▶ [Your goal]: When you transcribe the data below, reproduce every line exactly and leave each picture out.
** Collected data follows **
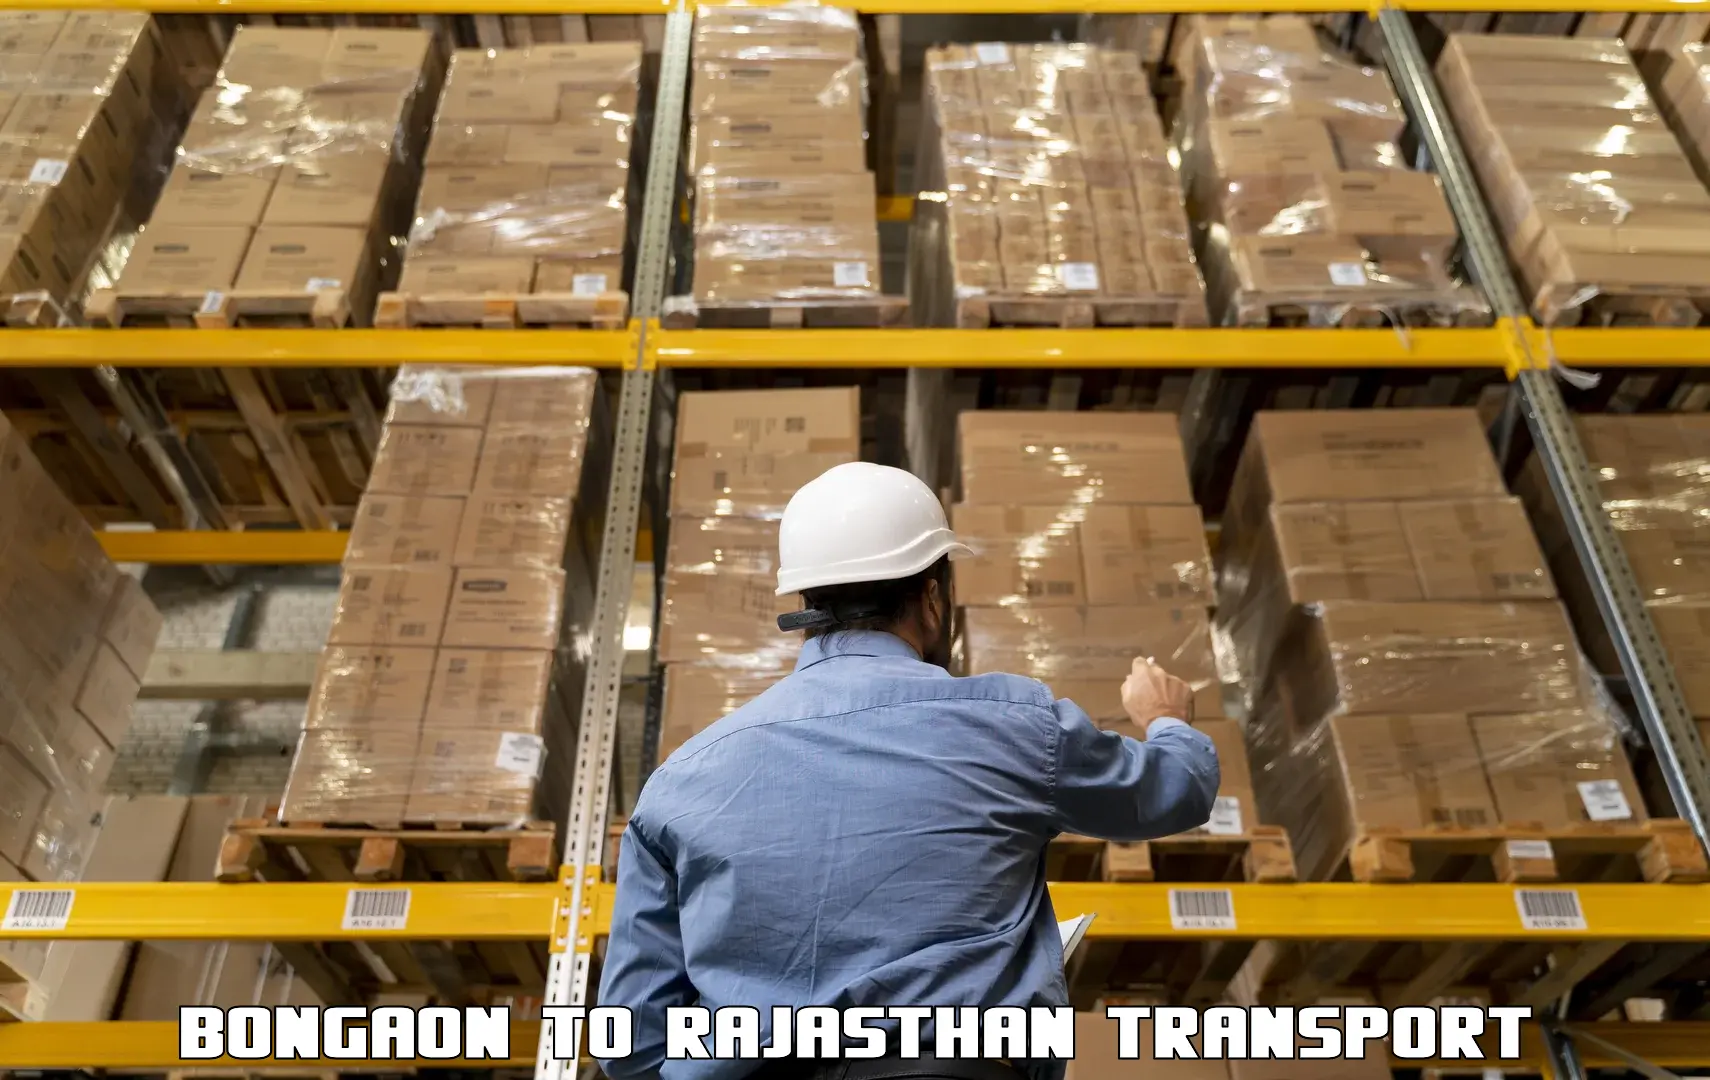 Lorry transport service Bongaon to Jaipur
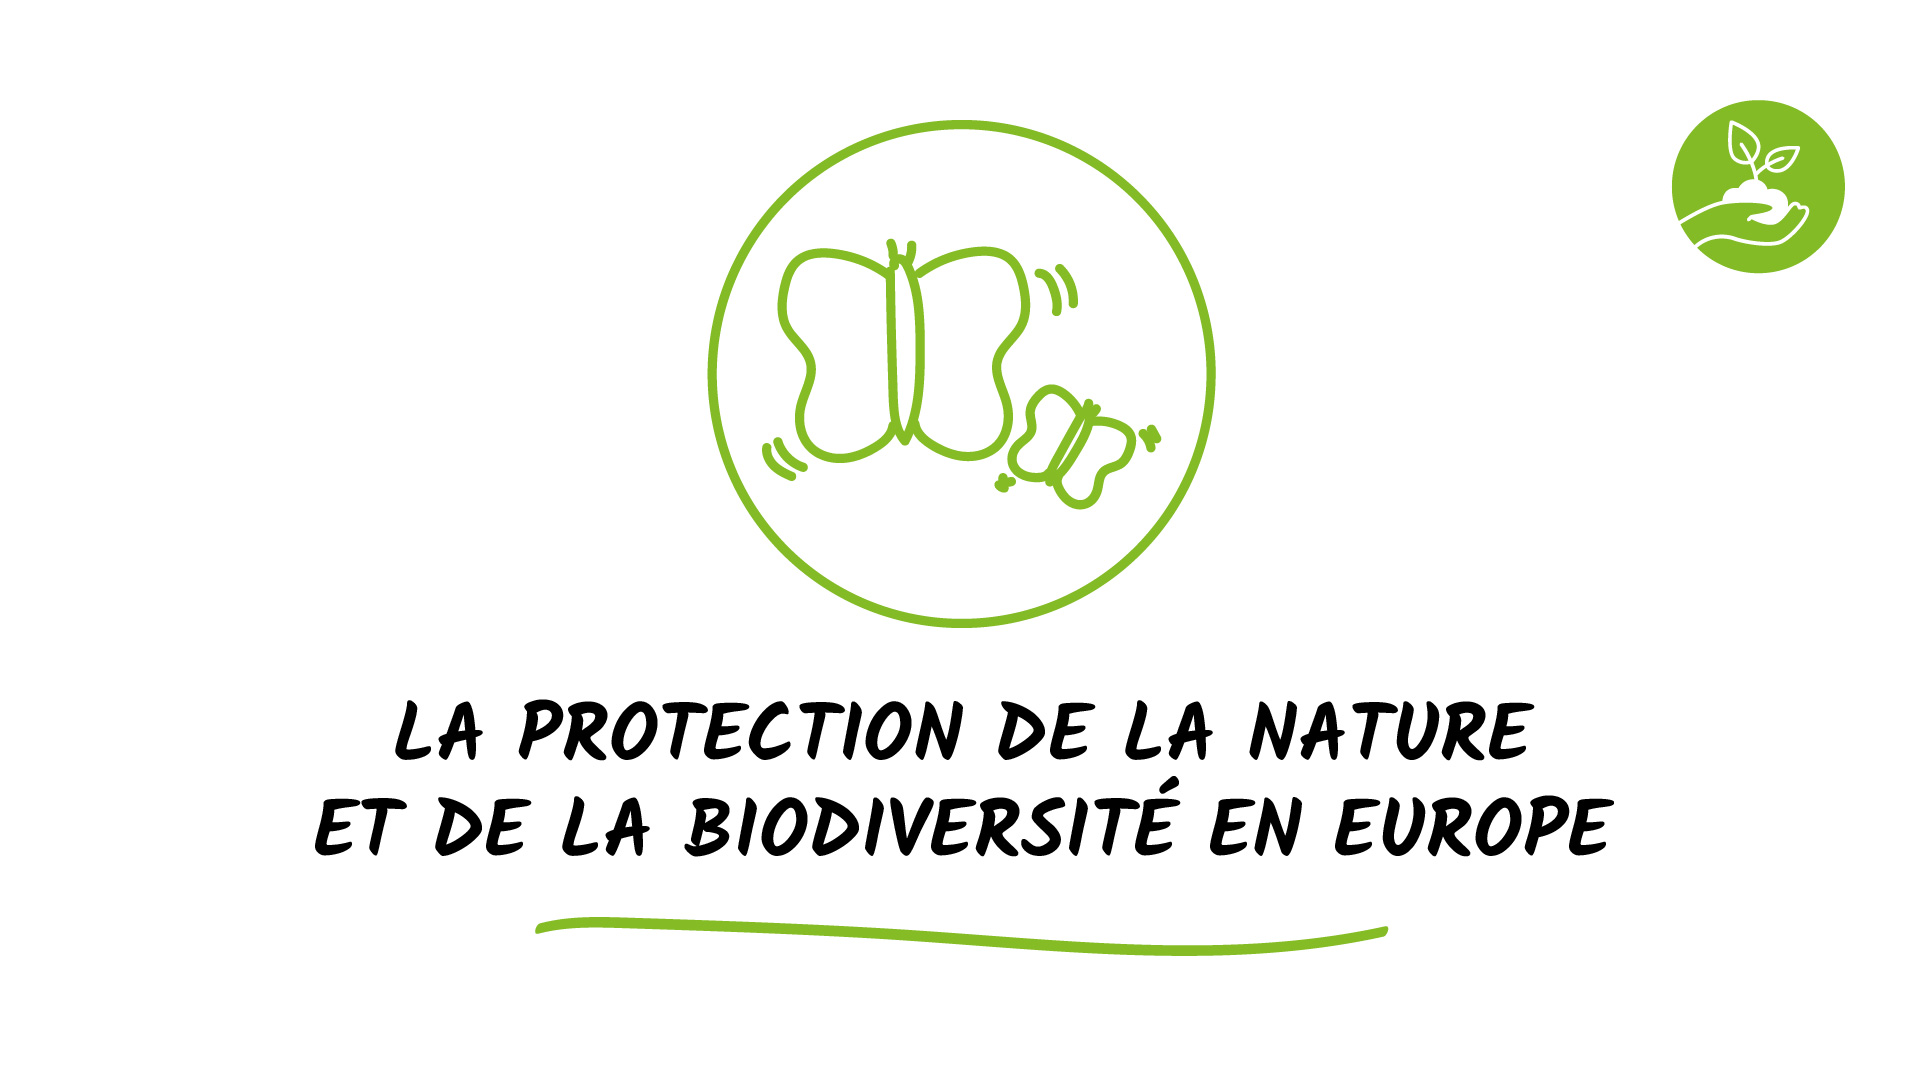 La protection de la nature et de la biodiversité en Europe
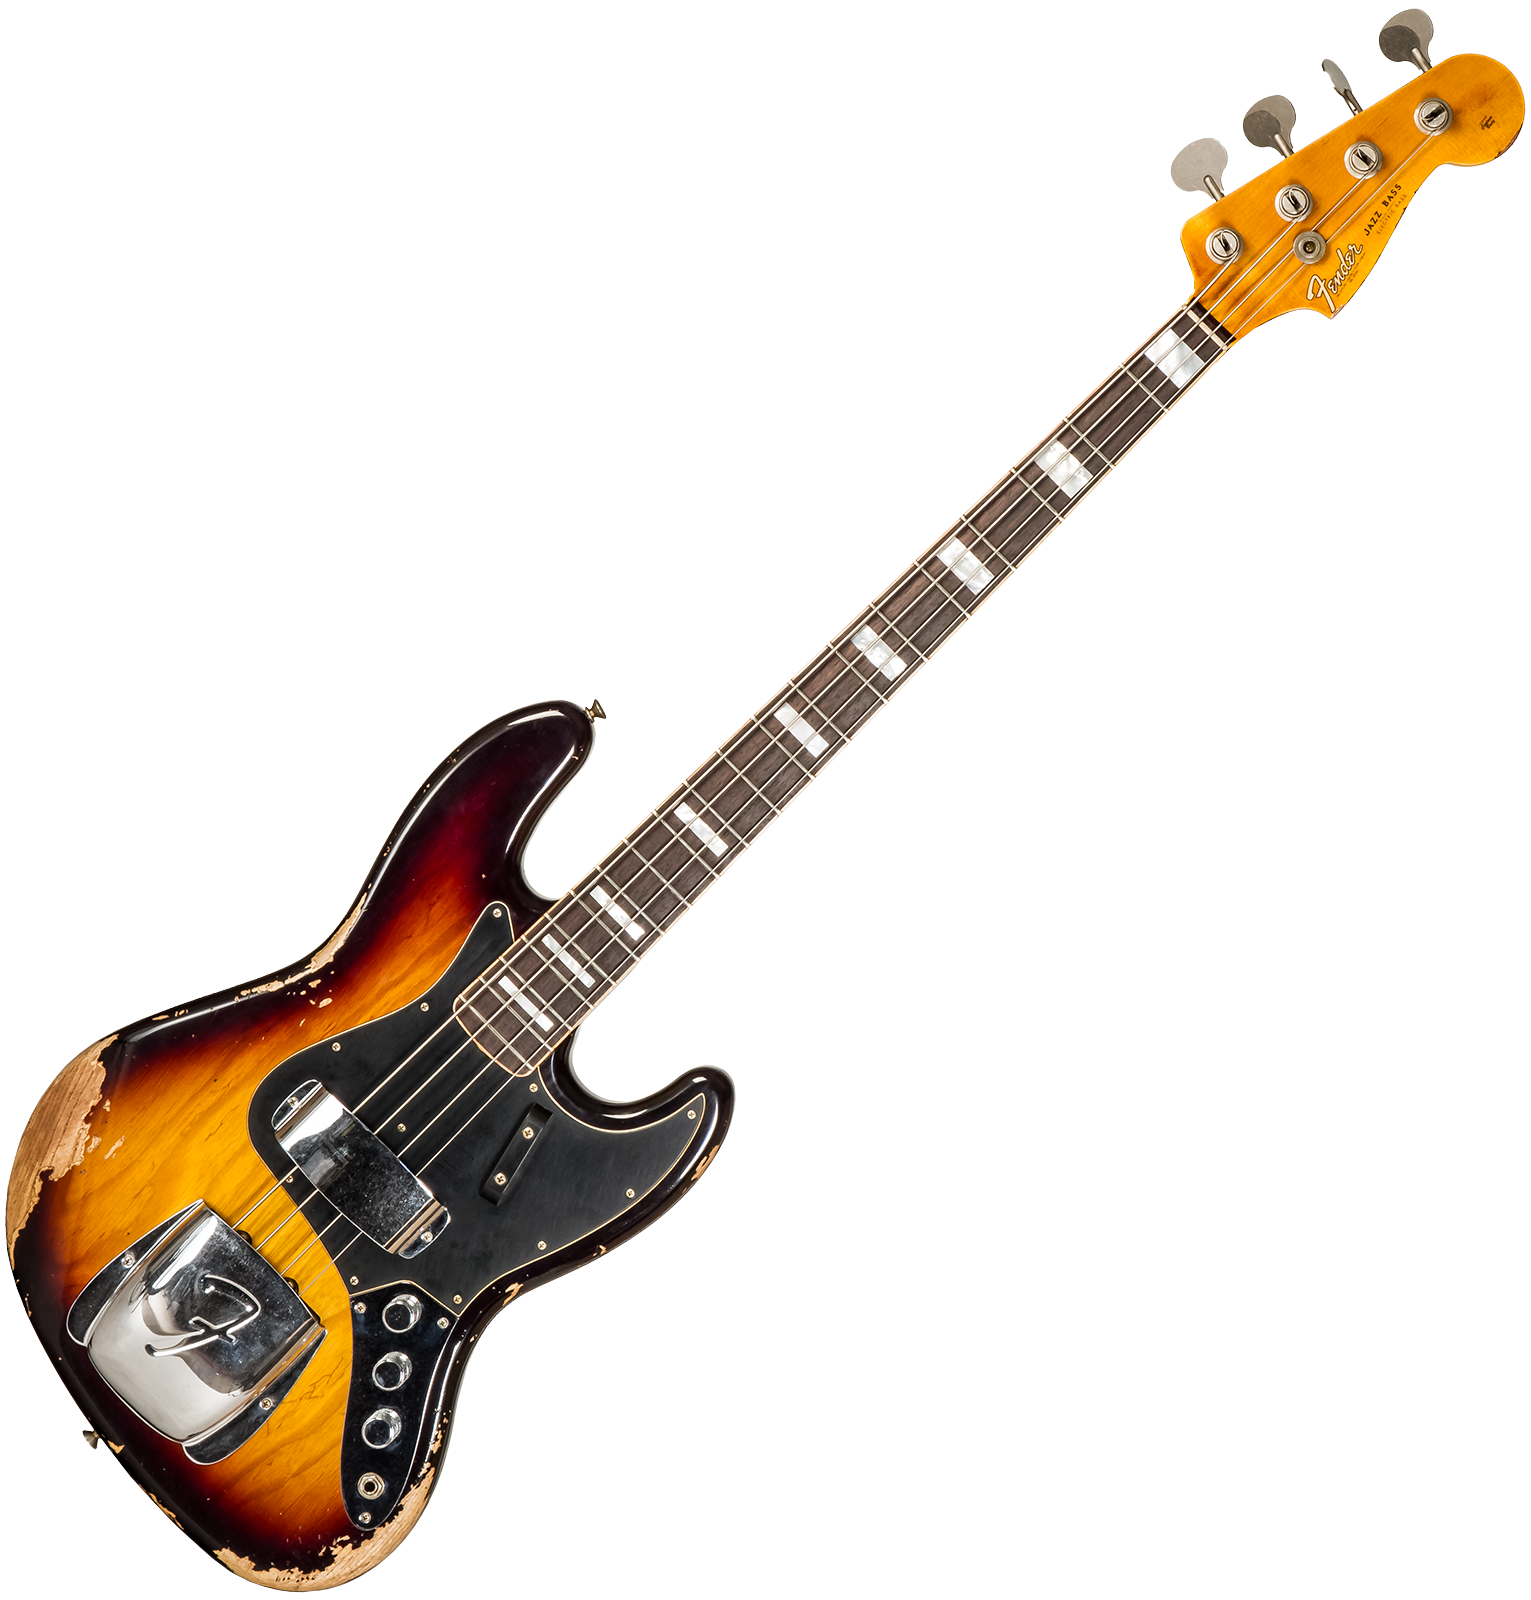 Fender Custom Shop Jazz Bass Custom Rw #cz575919 - Heavy Relic 3-color Sunburst - Bajo eléctrico de cuerpo sólido - Variation 1
** End of Collected data **
▶ [Problem solution]:
 Lorry transport service Bongaon to Jaipur
 La protection de la nature et de la biodiversité en Europe
 Fender Custom Shop Jazz Bass Custom Rw #cz575919 - Heavy Relic 3-color Sunburst - Bajo eléctrico de cuerpo sólido - Variation 1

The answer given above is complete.